REQUIRED ACTION> Exactly the lines below, starting with the one containing "Tomas kubin personal" and going on through the one containing "safavieh colin tufted", must be reproduced, both ends included, and no pictures with them.

*** Opening of DATA FOR REVIEW ***

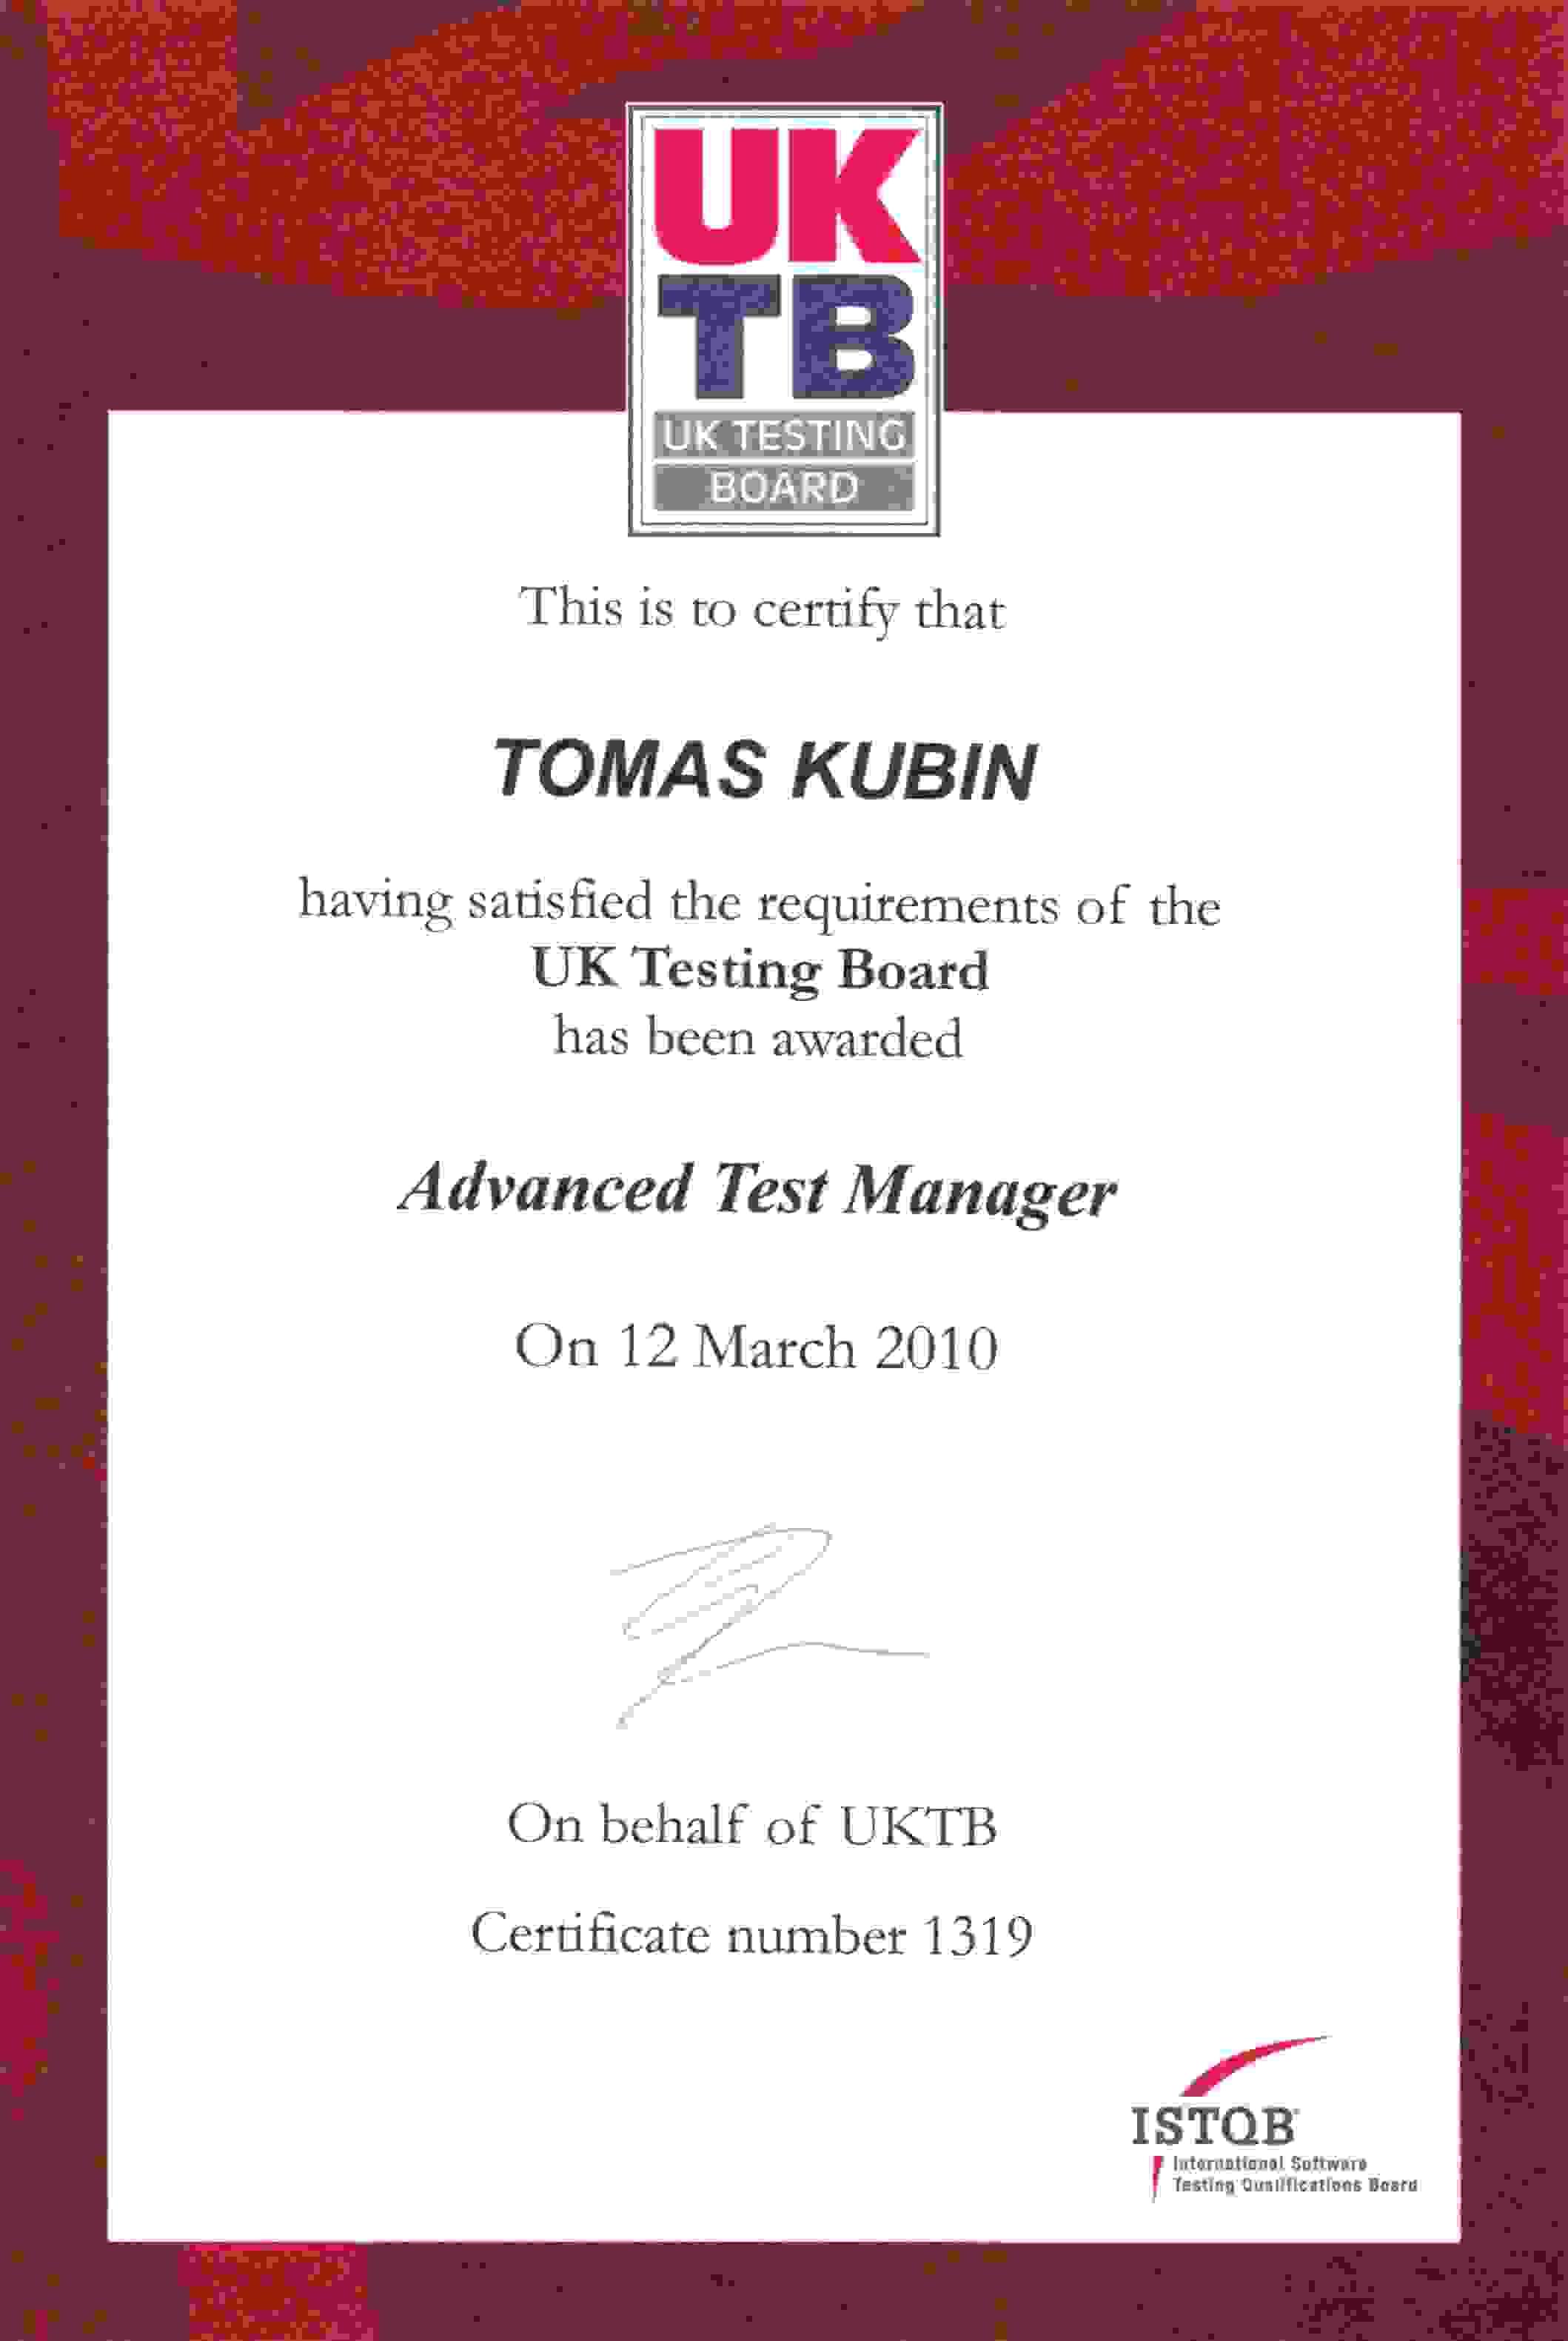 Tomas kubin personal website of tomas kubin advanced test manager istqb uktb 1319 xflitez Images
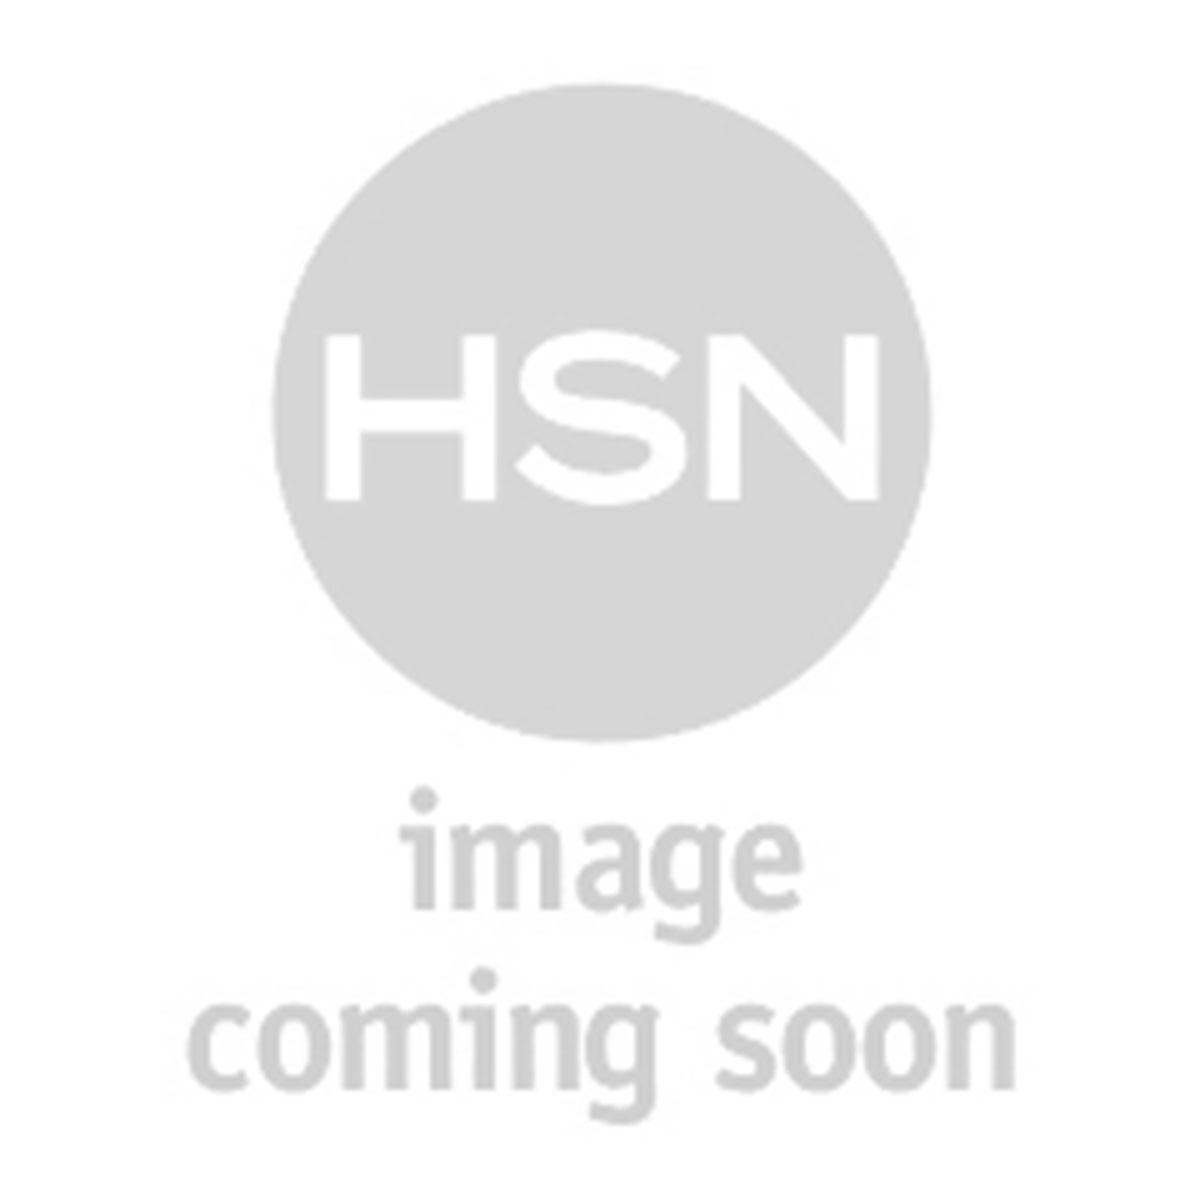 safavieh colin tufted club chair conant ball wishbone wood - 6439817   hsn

*** Close of DATA FOR REVIEW ***
*** Opening of DATA FOR REVIEW ***

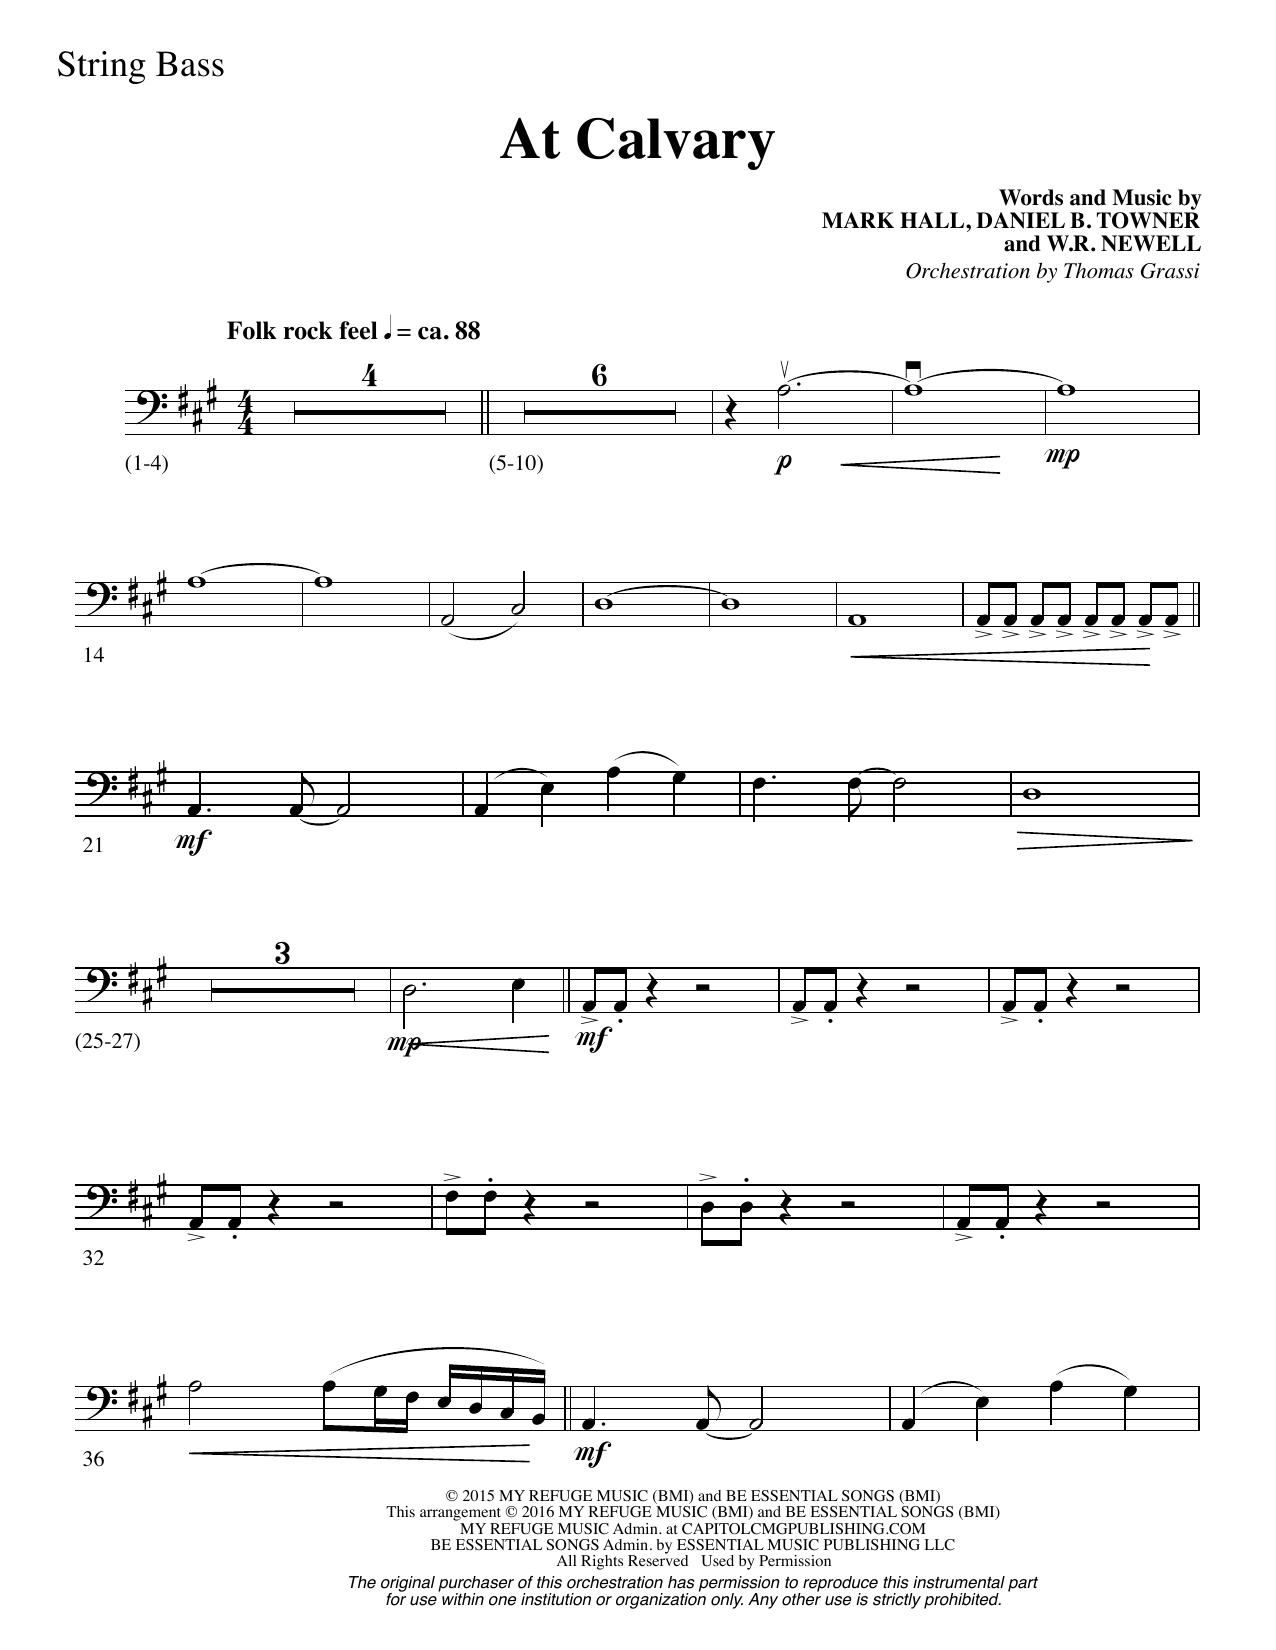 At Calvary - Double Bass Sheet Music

*** Close of DATA FOR REVIEW ***

ANSWER BOX>
 Tomas kubin personal website of tomas kubin advanced test manager istqb uktb 1319 xflitez Images
 safavieh colin tufted club chair conant ball wishbone wood - 6439817   hsn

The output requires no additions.